6. Definieren Sie die Anzahl von Hauptkomponenten sowie die Höchstzahl von Iterationen, bevor Sie die Funktion Nipals auf die Daten anwenden. Die Funktion Nipals zentriert die Daten, indem sie das mittlere Spektrum von jeder Zeile subtrahiert.
7. Wählen Sie ein zu rekonstruierendes Spektrum.
8. Extrahieren Sie die Punkte und die Ladungen aus der Ausgabe der Funktion Nipals.
9. Verwenden Sie die Funktion "mean", um das mittlere Spektrum zu berechnen.
10. Schätzen Sie das ursprüngliche Spektrum, indem Sie die Matrix von Ladungsvektoren mit der Matrix von Punkten multiplizieren und dann das mittlere Spektrum hinzufügen.
11. Plotten Sie das ursprüngliche und das rekonstruierte Spektrum. Skalieren Sie die horizontale und vertikale Achse, um sinnvolle Werte zu erhalten.

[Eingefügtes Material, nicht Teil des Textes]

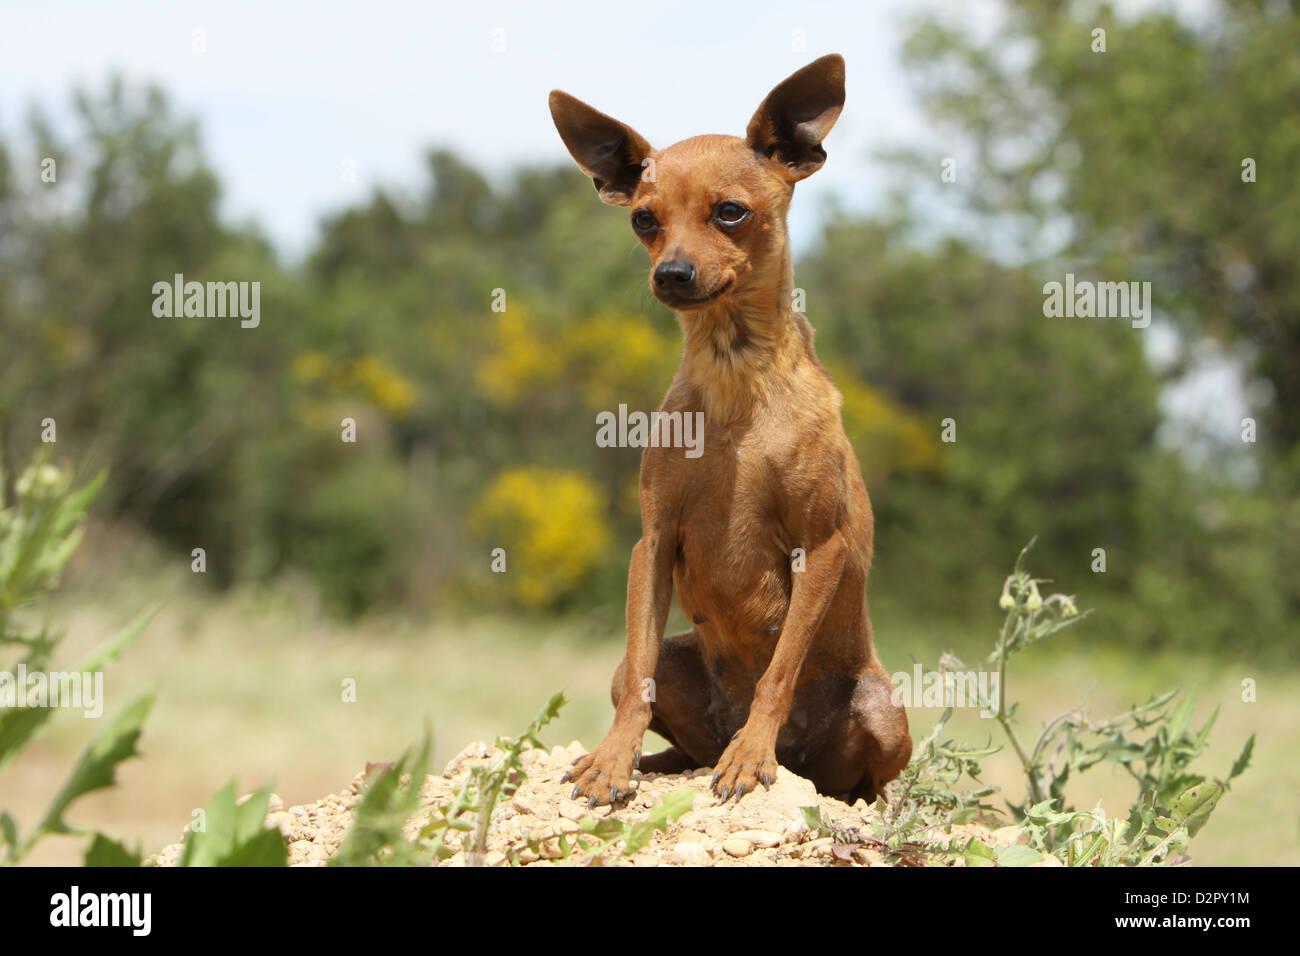 Dog Prazsky krysarik / Prague Ratter / Ratier de Prague  adult sitting on the ground Stock Photo

Sämtliche Spektren werden gut dargestellt, wenn nur zwei Hauptkomponenten für die Hauptkomponentenanalyse verwendet werden.
12. Fügen Sie die Punkte in zwei Matrizen ein. Jede Spalte der Matrizen repräsentiert die Punkte für eine der fünf Tablettendosierungen.

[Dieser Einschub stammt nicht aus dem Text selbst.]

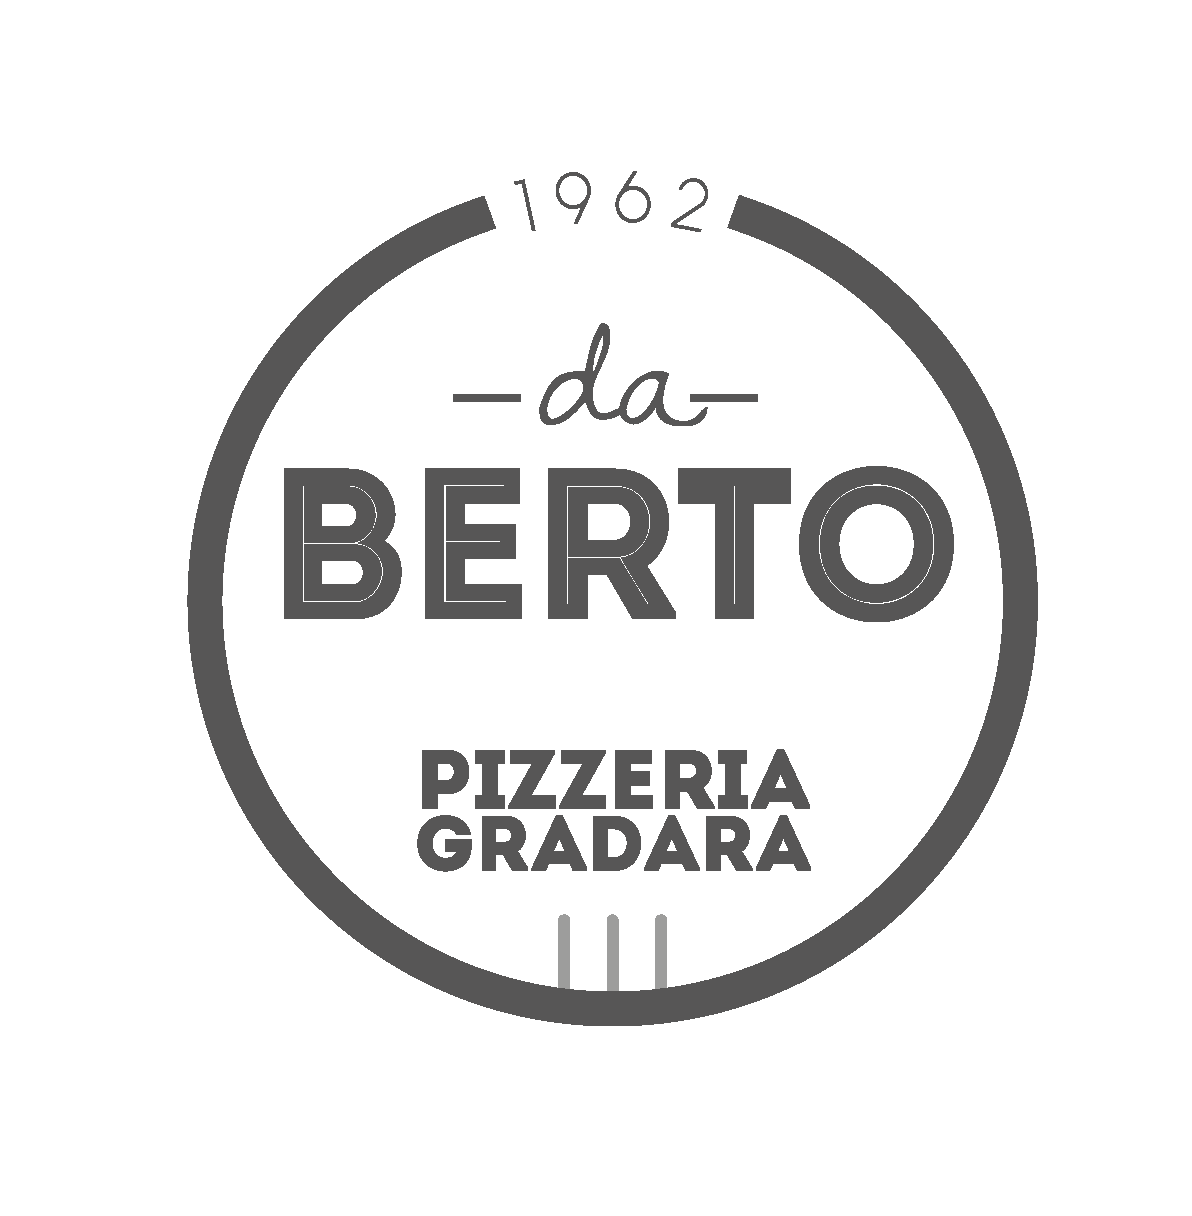 Pizzeria Da Berto Gradara

13. Plotten Sie die Punkte des ersten Faktors bezogen auf die Punkte des zweiten Faktors. Jede Dosierung wird in einer anderen Farbe dargestellt.

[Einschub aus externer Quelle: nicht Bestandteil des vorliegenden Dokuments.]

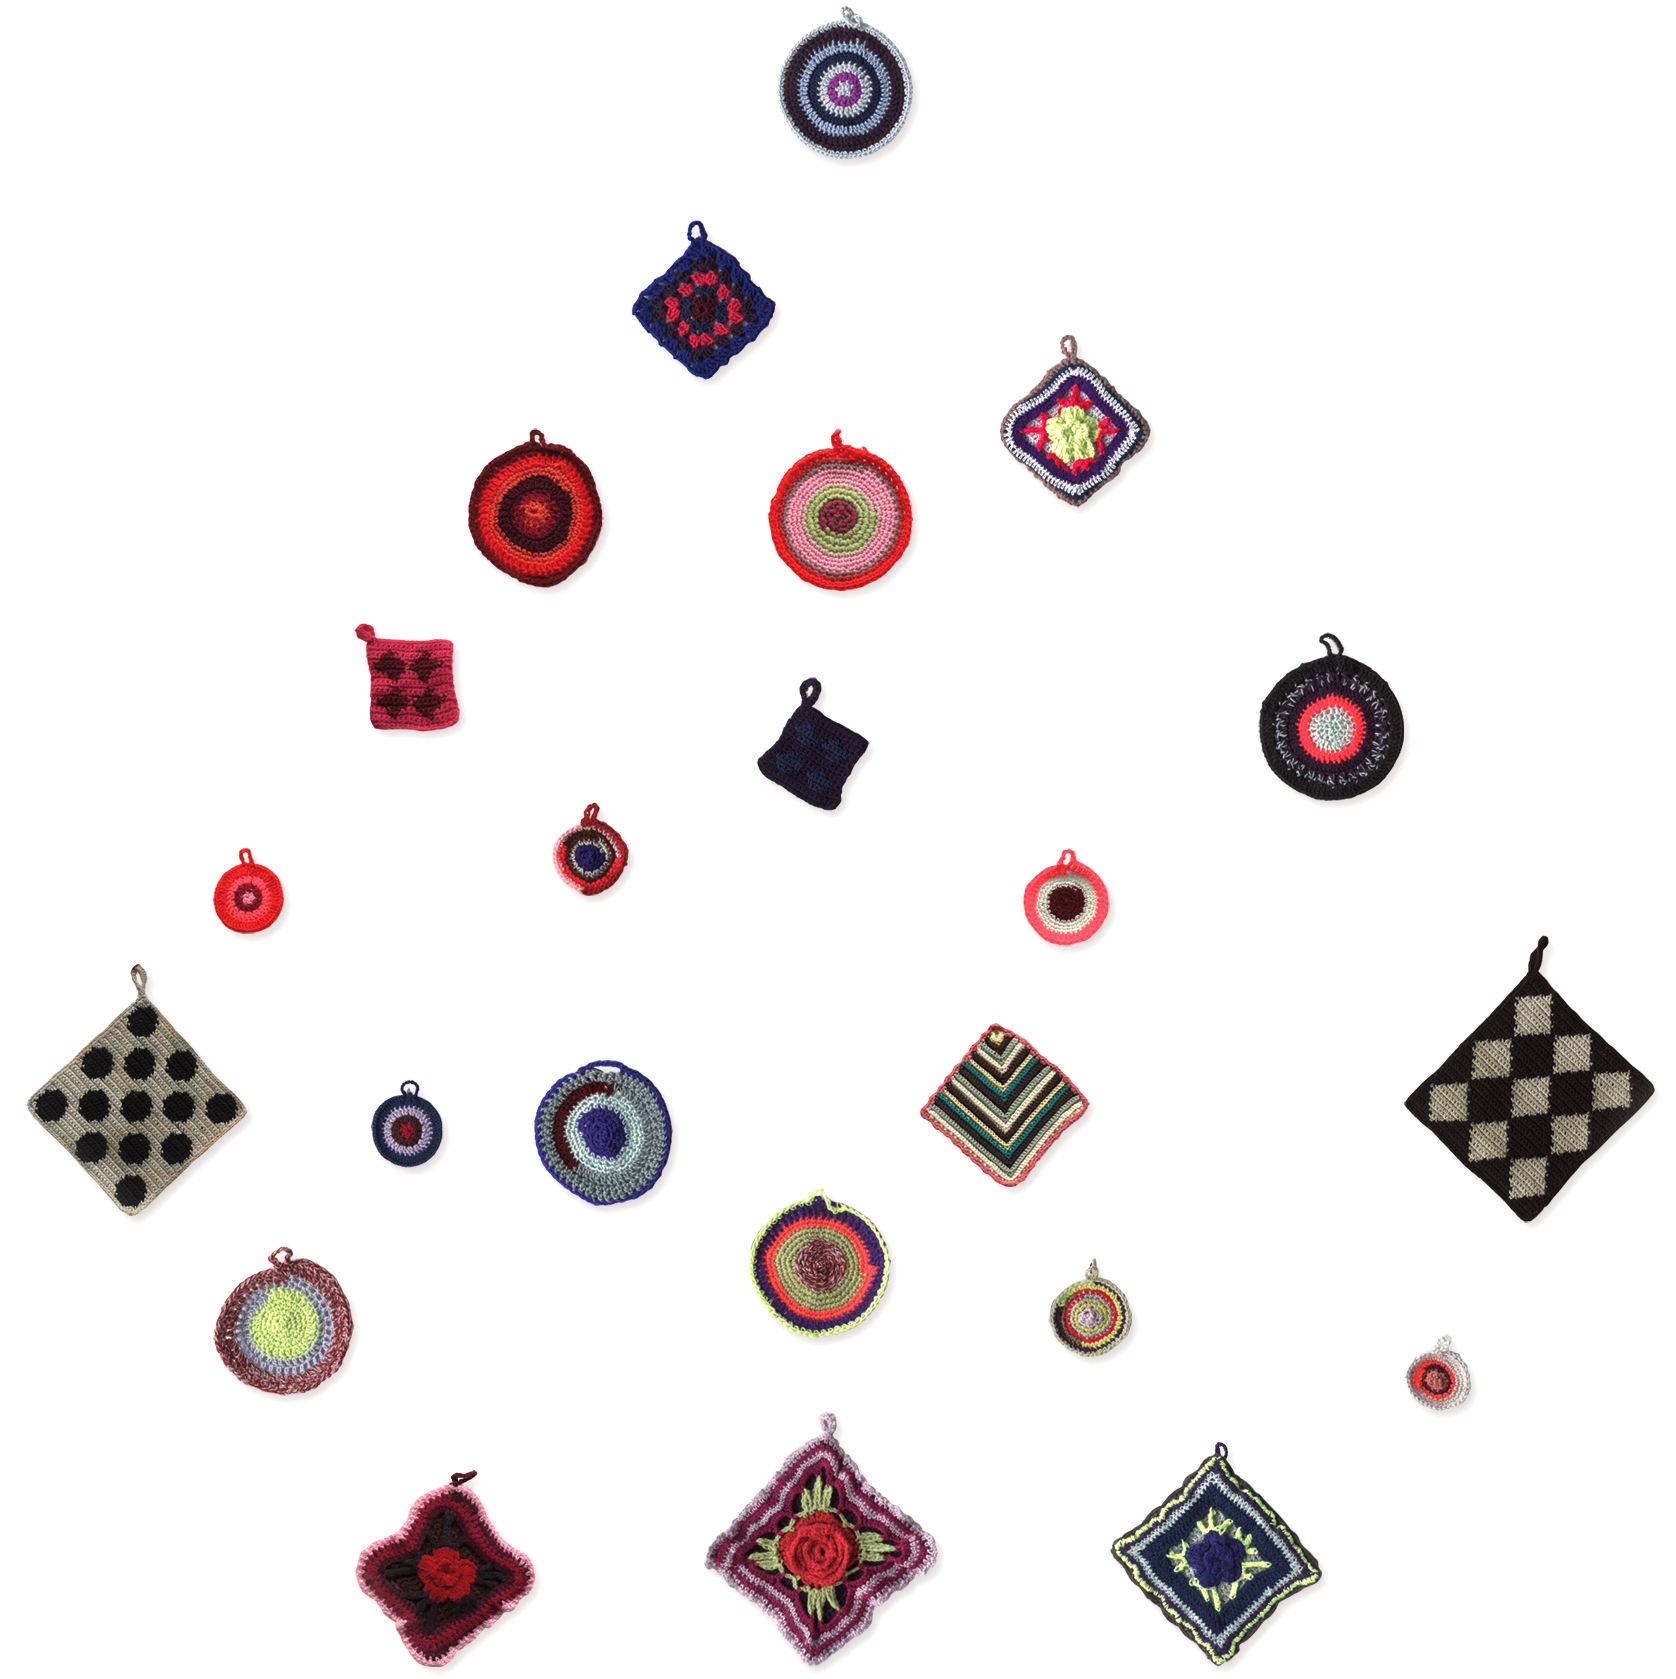 Dekoration - Stickers und Tapeten - Napperons 2 Sticker / 23er-Set - Domestic - 23er-Set / mehrfarbig - Vinyl

Eine gewisse Gruppierung der Daten ist ersichtlich, aber es ist dennoch schwierig, die einzelnen Dosierungen zu unterscheiden. Das Hinzufügen eines dritten Punktes zum Diagramm könnte helfen.
14. Verwenden Sie die Funktion Nipals2, um dem mit zwei Hauptkomponenten erstellten Modell vier Hauptkomponenten hinzuzufügen.
Die Ausgabematrix von NIPALS2 hat die gleiche Form wie die von NIPALS, verfügt entsprechend den zusätzlichen Hauptkomponenten jedoch über zusätzliche Spalten und Zeilen. Die Anzahl der Punkte und Ladungen wurde jetzt auf sechs erhöht.
15. Extrahieren Sie die Ladungen und Punkte aus der Matrix NIPALS2, um ein neues Modell für das gewählte Spektrum zu erstellen.
16. Plotten und vergleichen Sie die beiden Modelle für das gewählte Spektrum. Skalieren Sie die horizontale und vertikale Achse, um sinnvolle Werte zu erhalten.
17. Extrahieren Sie die kumulierte Varianz aus NIPALS2.
18. Plotten Sie die kumulierte Varianz bezogen auf die Hauptkomponenten.
Obwohl die ersten beiden Hauptkomponenten (PC) 99 % der Varianz repräsentieren, ist die dritte Hauptkomponente der Schlüssel zur Gruppierung der Daten nach Dosierung. Durch die Hauptkomponentenanalyse werden die Daten zu den dominantesten, aber nicht den relevantesten Faktoren verdichtet.